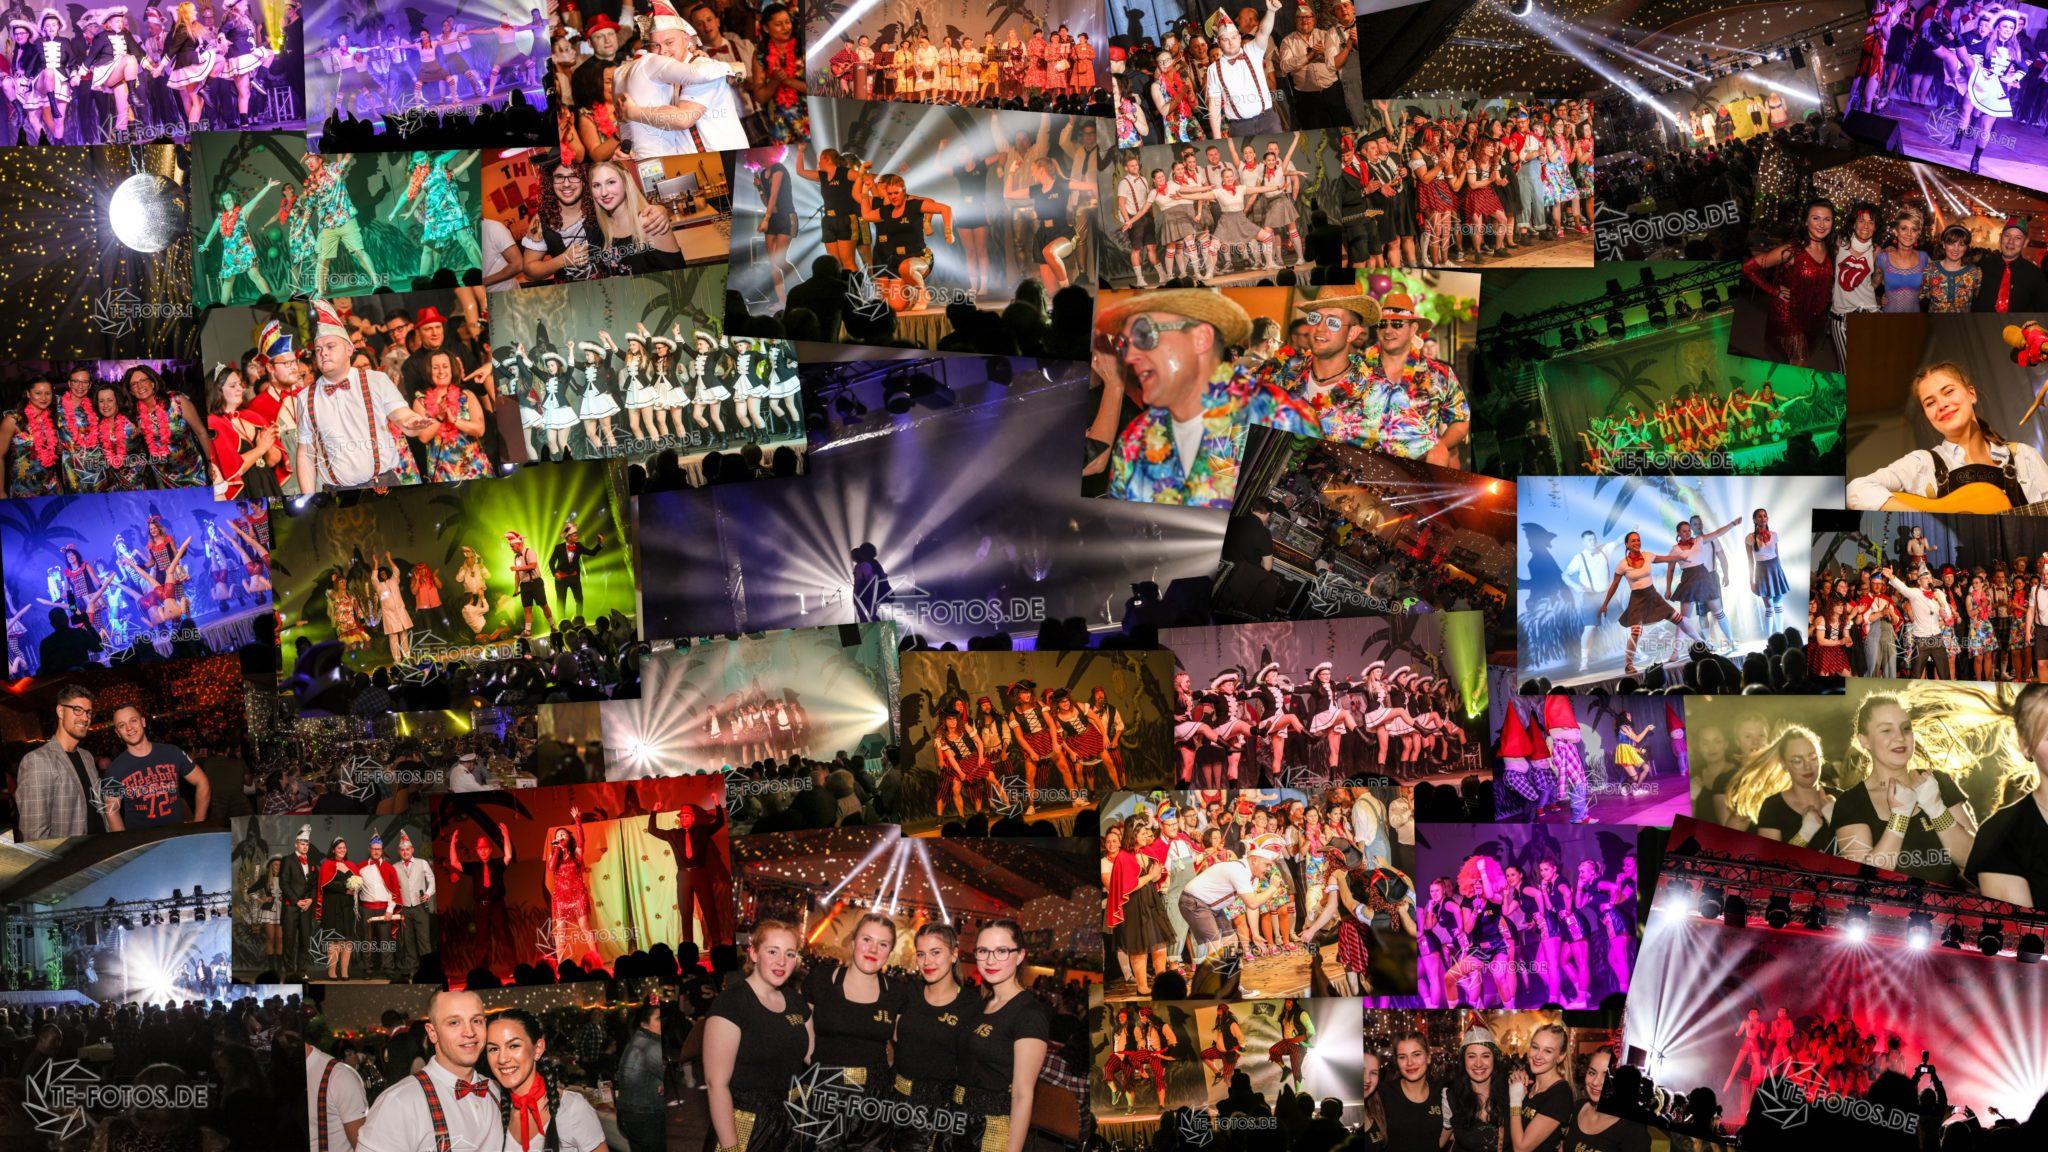 Impressionen vom Schoninger Karneval in Vernawahlshausen - Freitag
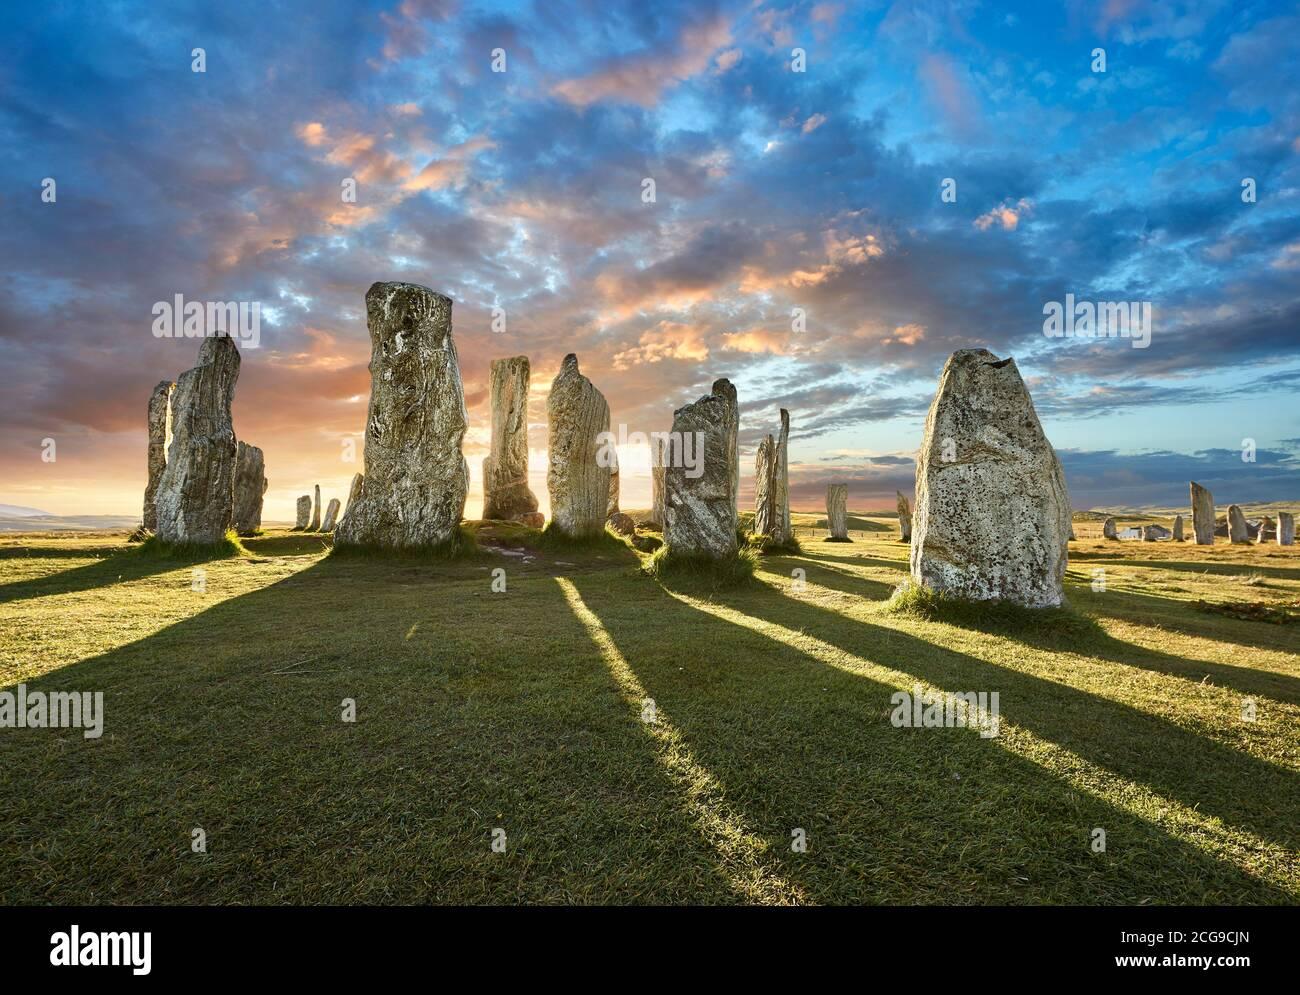 Calanais pierres debout cercle central de pierre, au coucher du soleil, érigé entre 2900-2600BC mesurant 11 mètres de large. Au centre de l'anneau se trouve un hu Banque D'Images
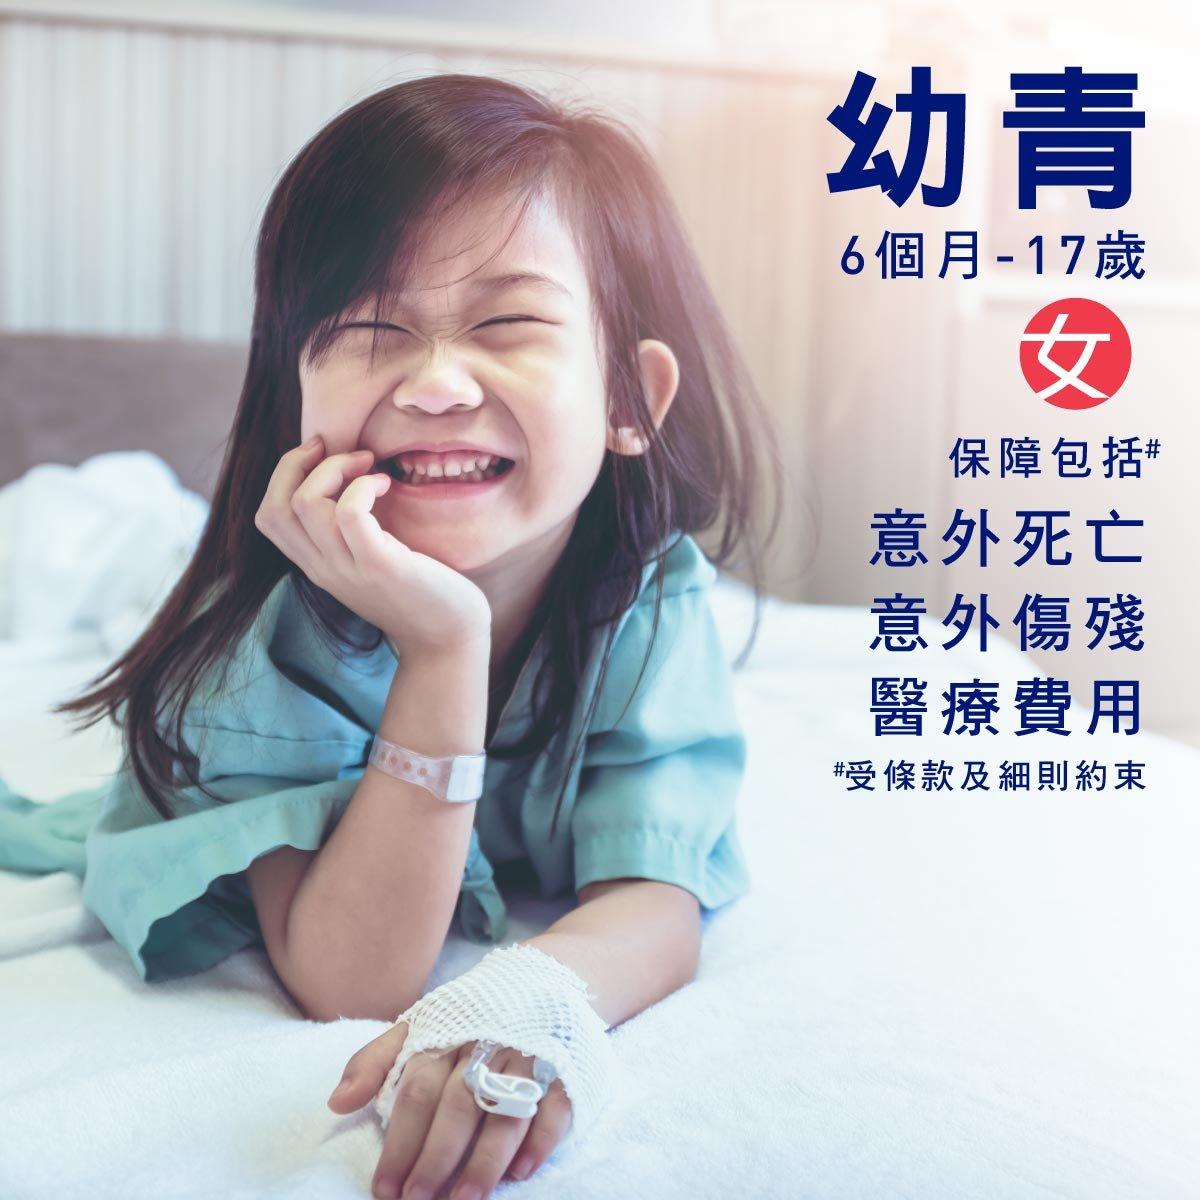 個人意外保險 (女) - 6個月至17歲
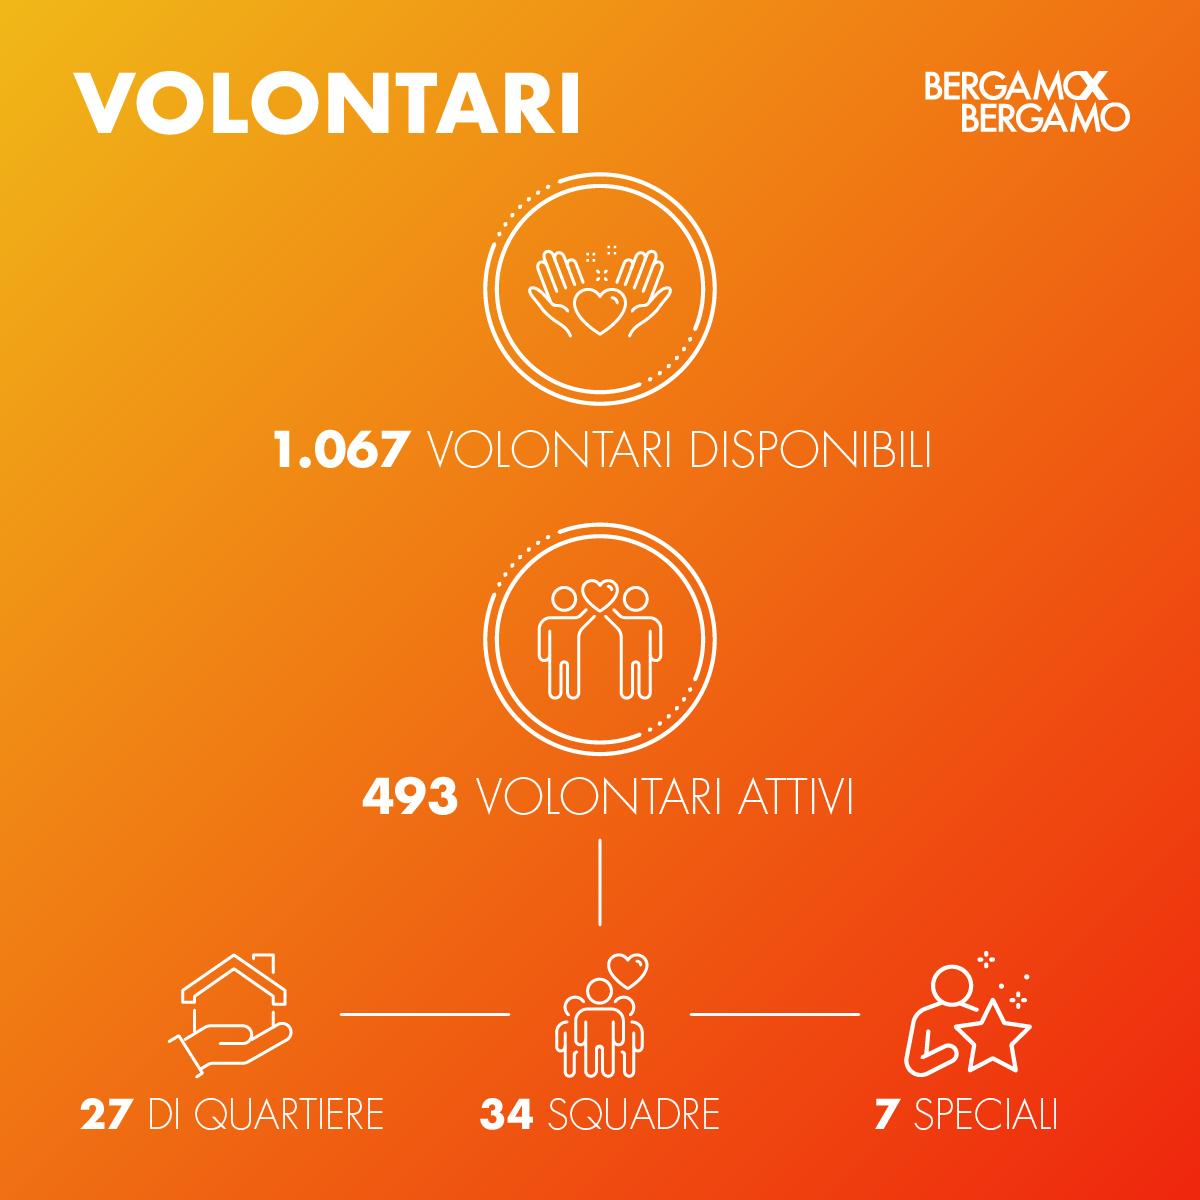 ergamo X Bergamo 2020 Volontariato Covid-19

* Exercise objective
Please return each line of the listing exactly as written, excluding the images.

* Exercise response
 Impressionen vom Schoninger Karneval in Vernawahlshausen - Freitag
 Calanais pierres debout cercle central de pierre, au coucher du soleil, érigé entre 2900-2600BC mesurant 11 mètres de large. Au centre de l'anneau se trouve un hu Banque D'Images
 個人意外保險 (女) - 6個月至17歲
 ergamo X Bergamo 2020 Volontariato Covid-19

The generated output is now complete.